#### PROBLEM DESCRIPTION
Give the data back exactly. Leave out any images.
---------- DATASET CONTENT ----------
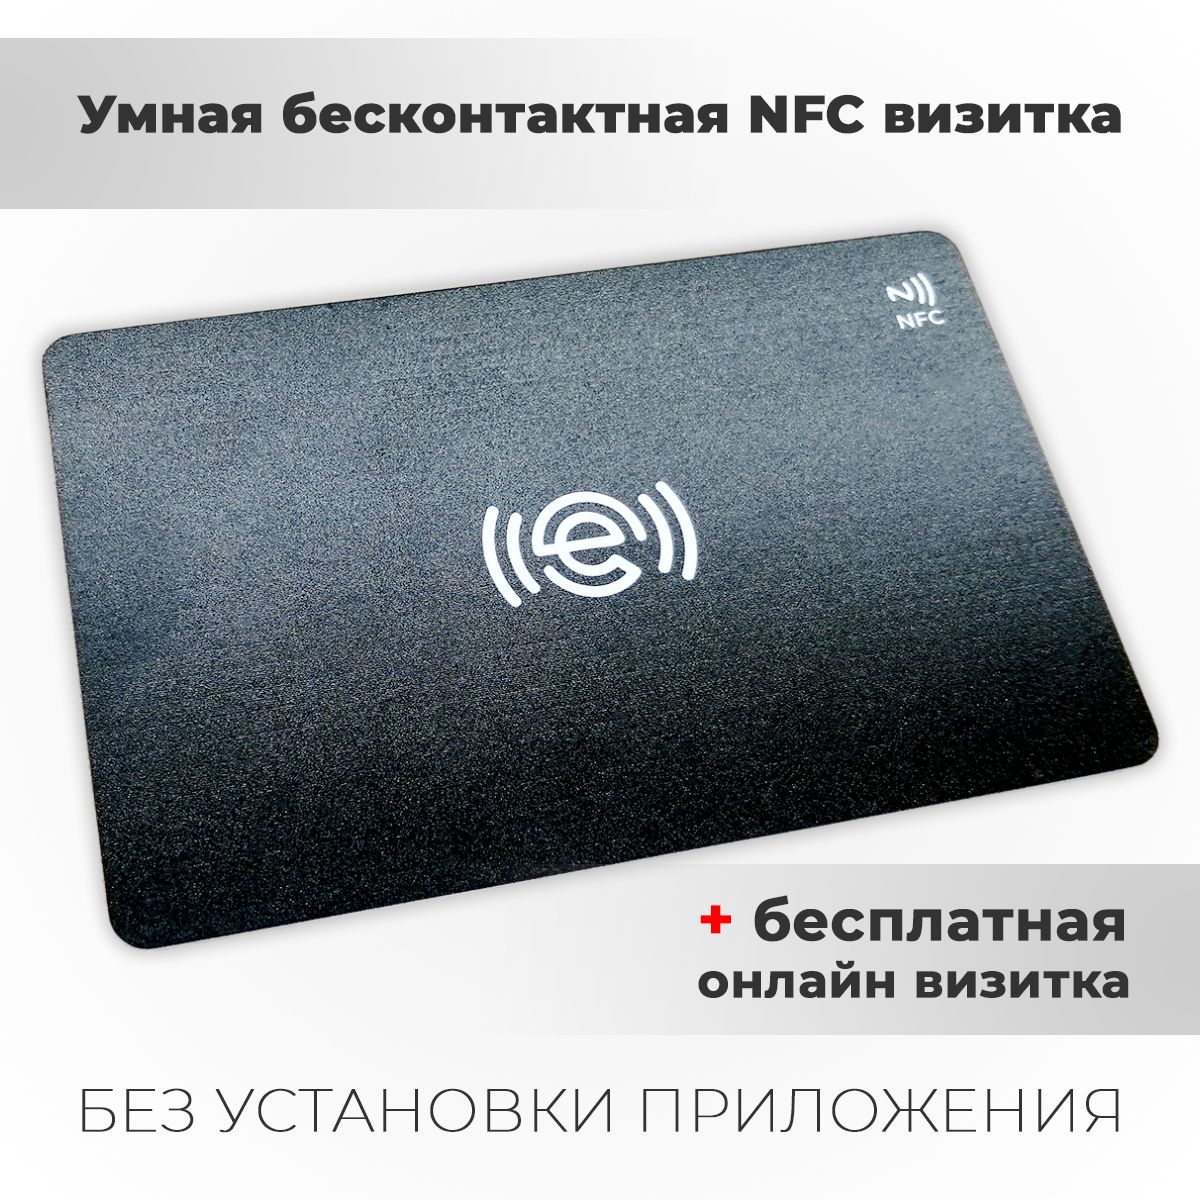 Умная визитка. Электронная визитка. Цифровая визитка. Умная визитка NFC. Электронная визитка пример.
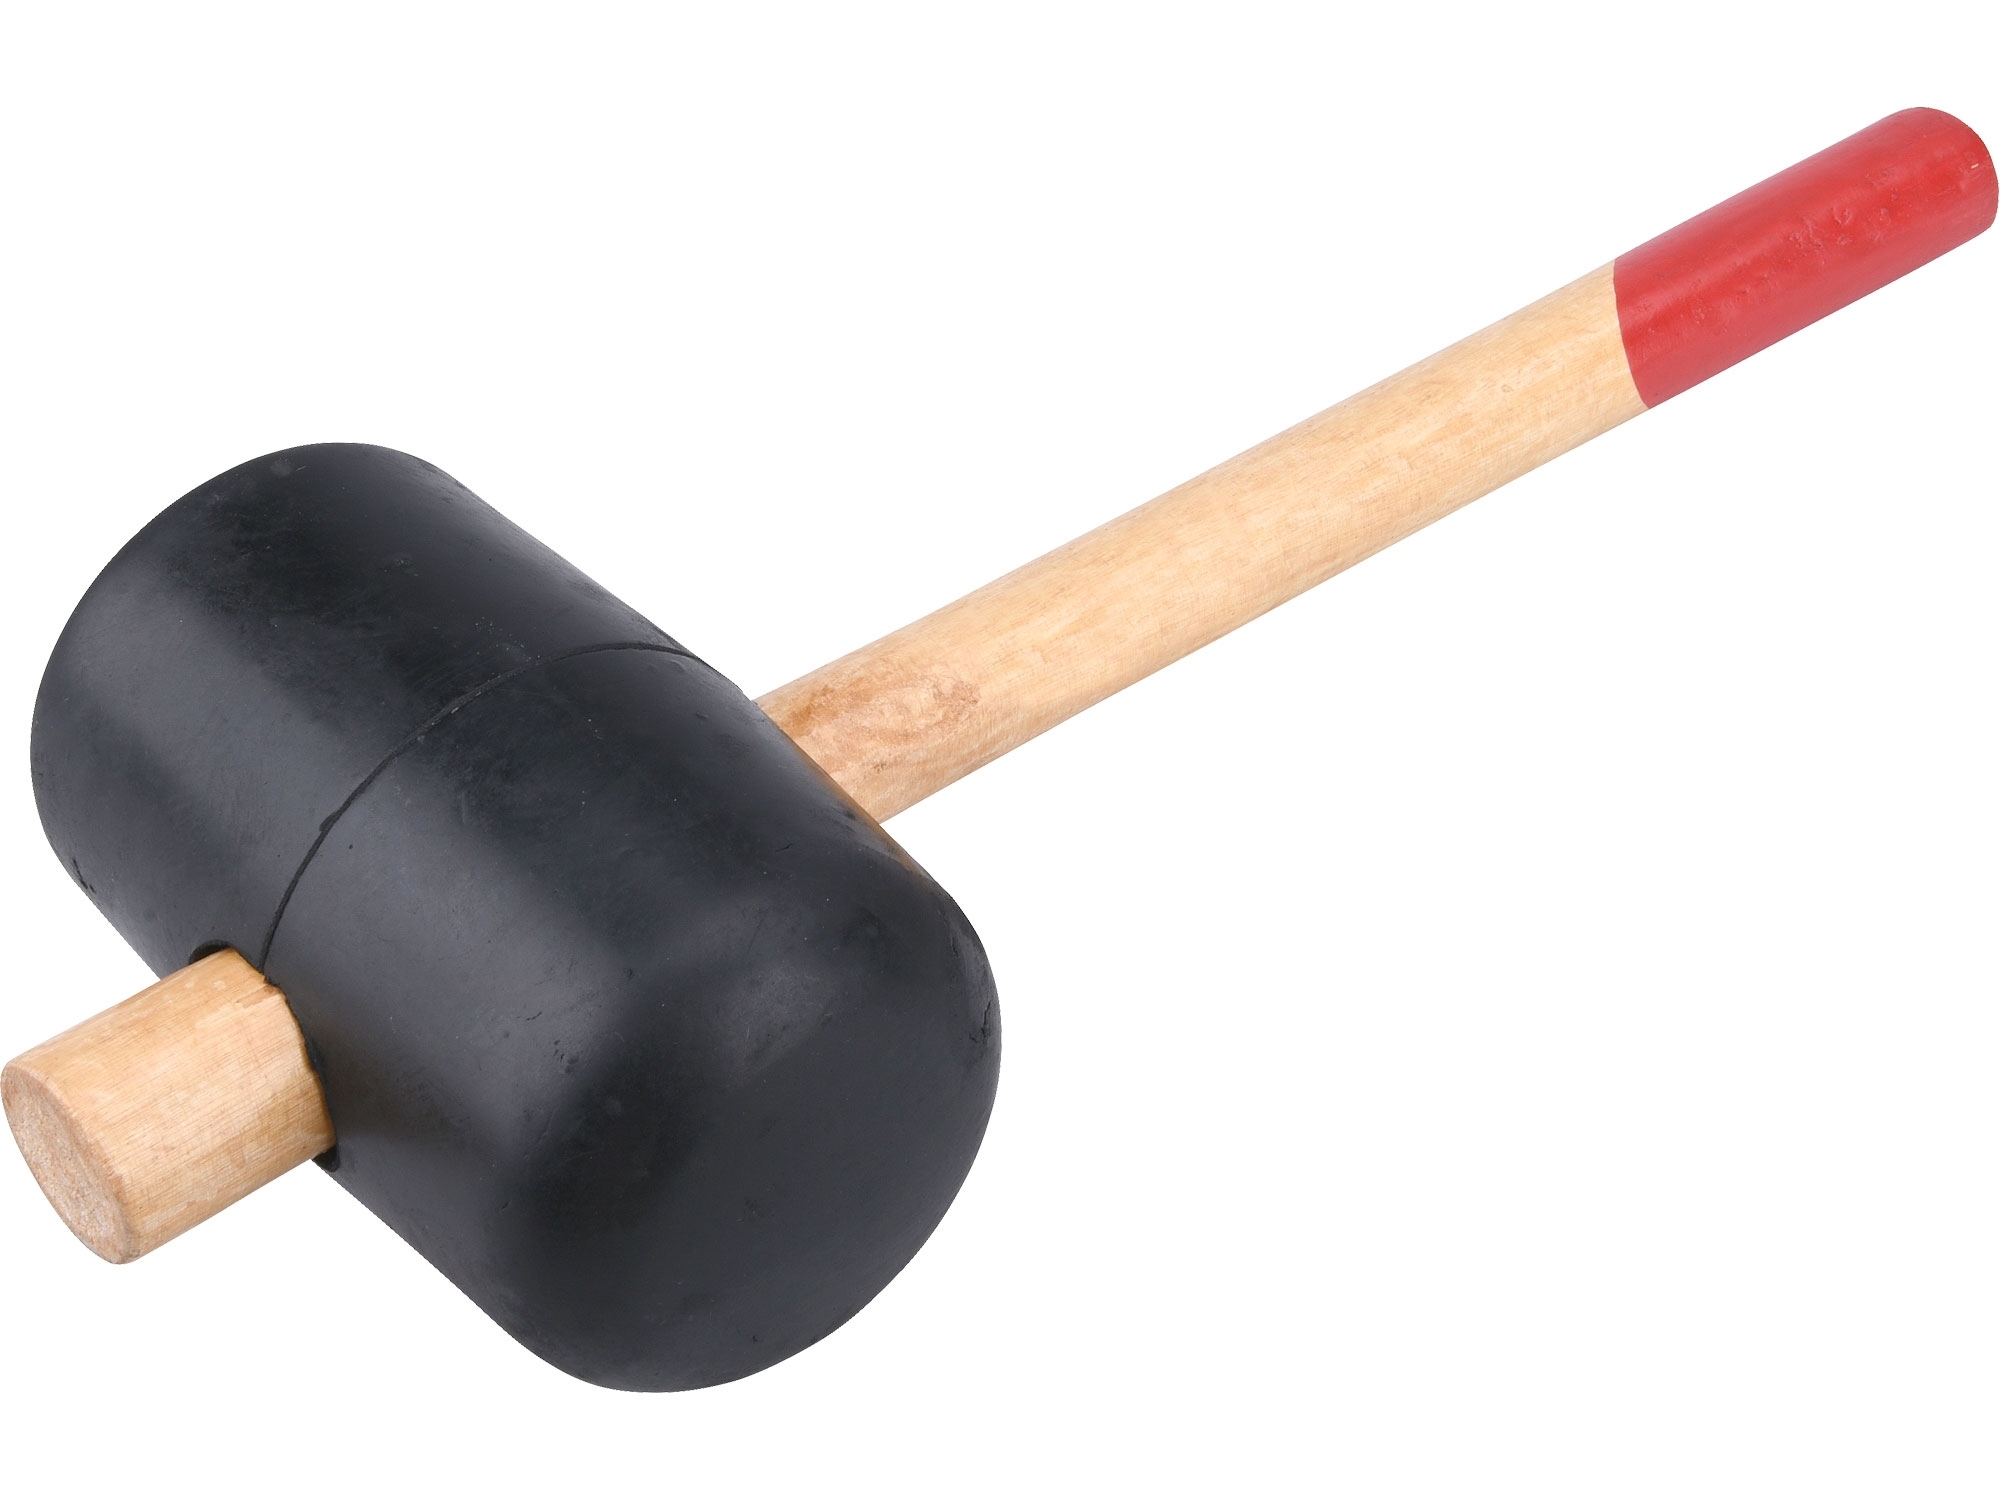 Palička gumová, černá, 900 g, s dřevěnou násadou, 85 mm, Extol Craft
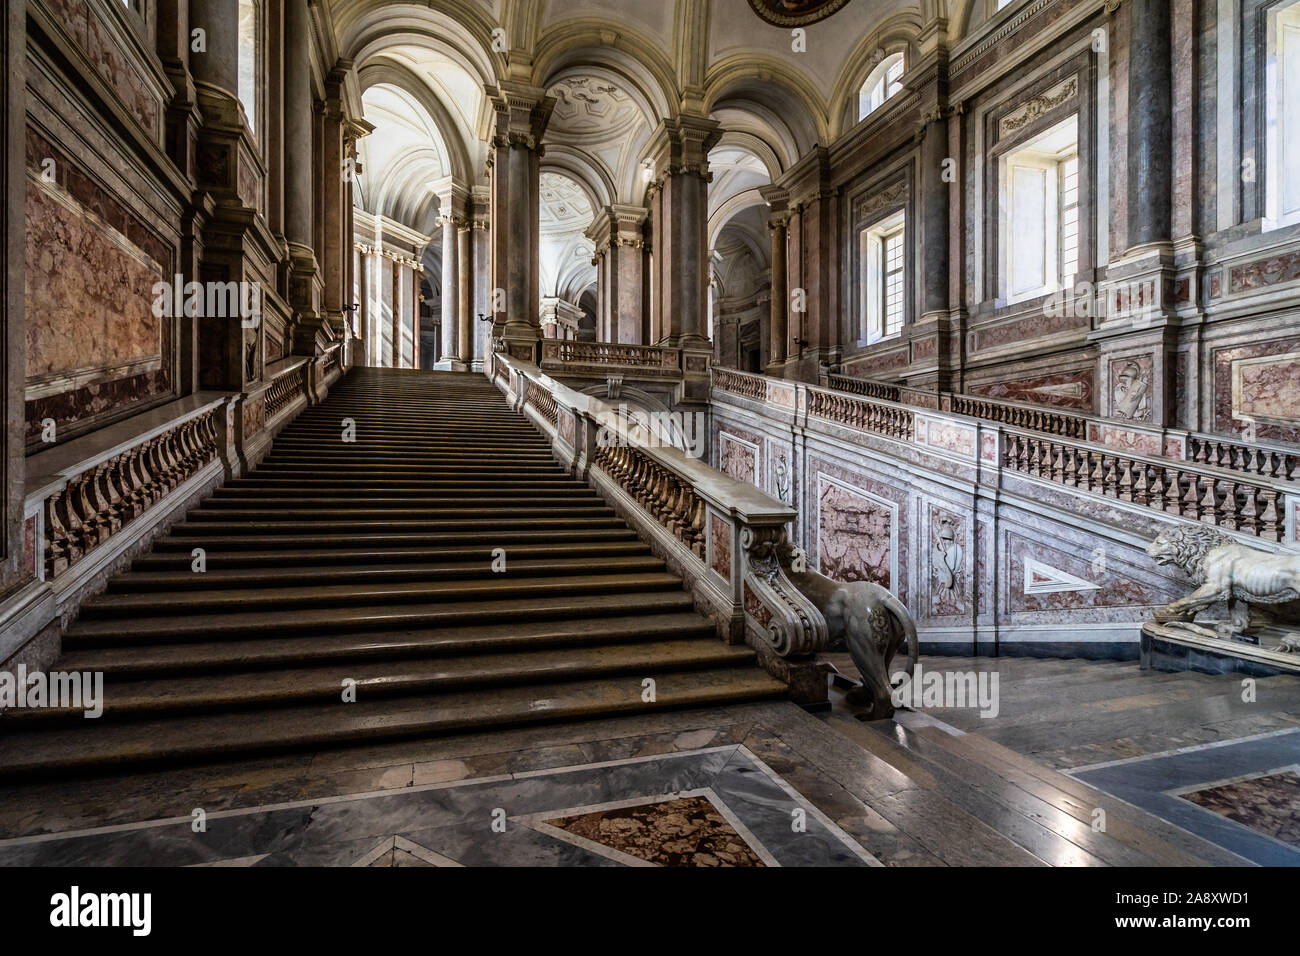 Die Treppe des Königspalast von Caserta von Vanvitelli ist die perfekte Synthese aus barocken und neoklassischen Stil. Caserta, Italien, Oktober 2019 Stockfoto
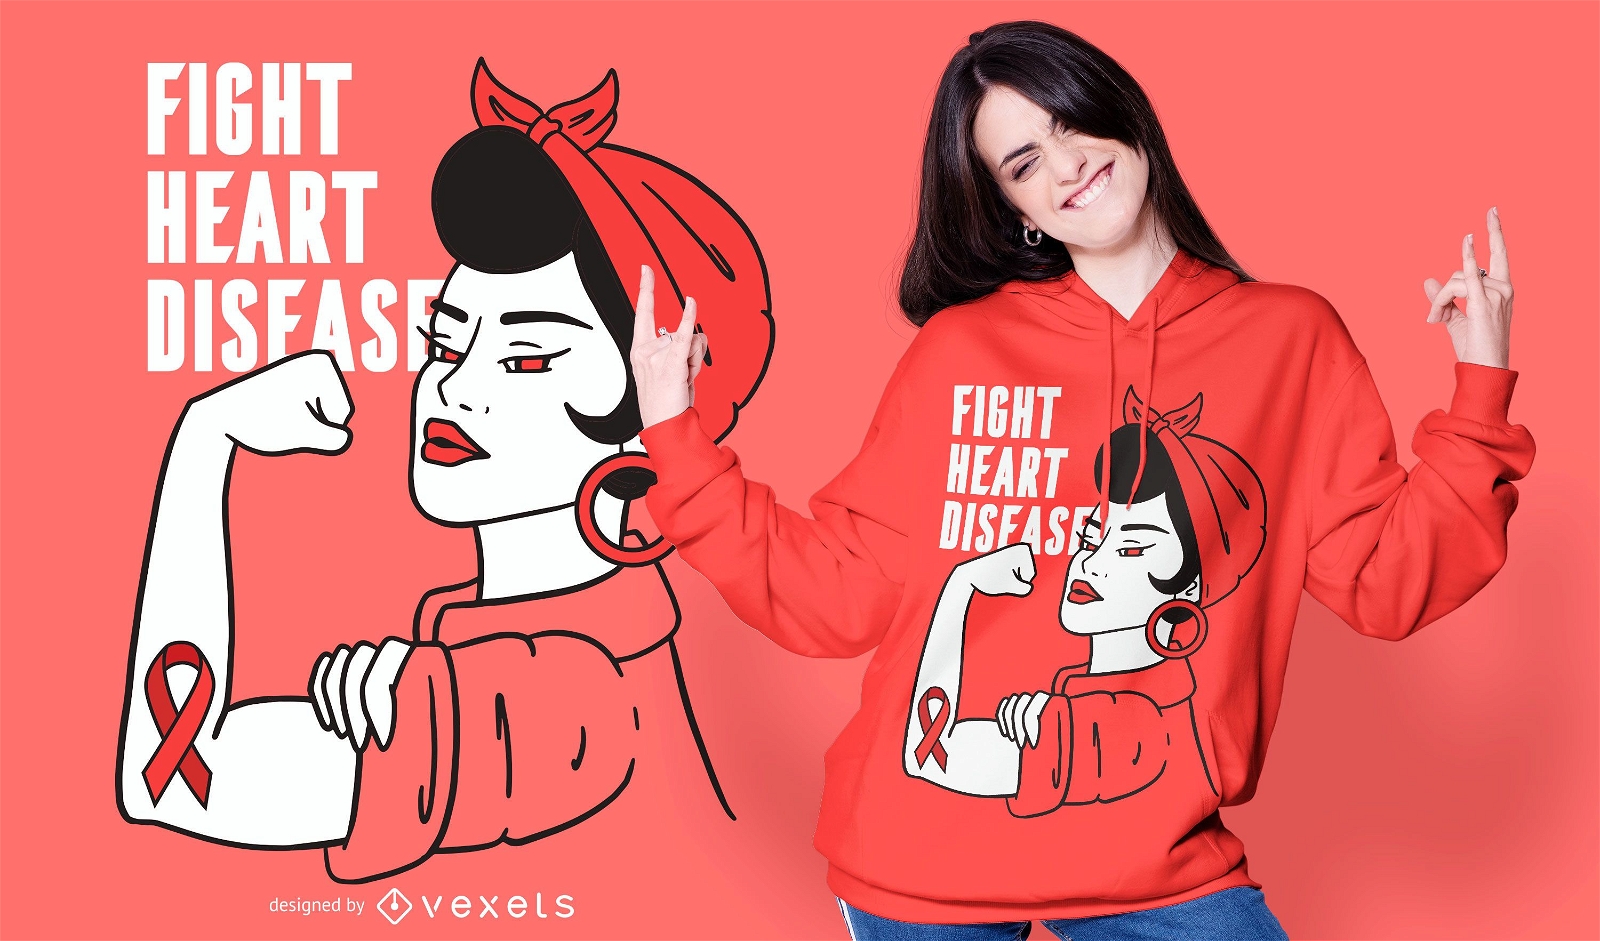 Fight heart disease t-shirt design
----------
#### TASK RESULT
 Умная визитка. Электронная визитка. Цифровая визитка. Умная визитка NFC. Электронная визитка пример.
 Palička gumová, černá, 900 g, s dřevěnou násadou, 85 mm, Extol Craft
 Die Treppe des Königspalast von Caserta von Vanvitelli ist die perfekte Synthese aus barocken und neoklassischen Stil. Caserta, Italien, Oktober 2019 Stockfoto
 Fight heart disease t-shirt design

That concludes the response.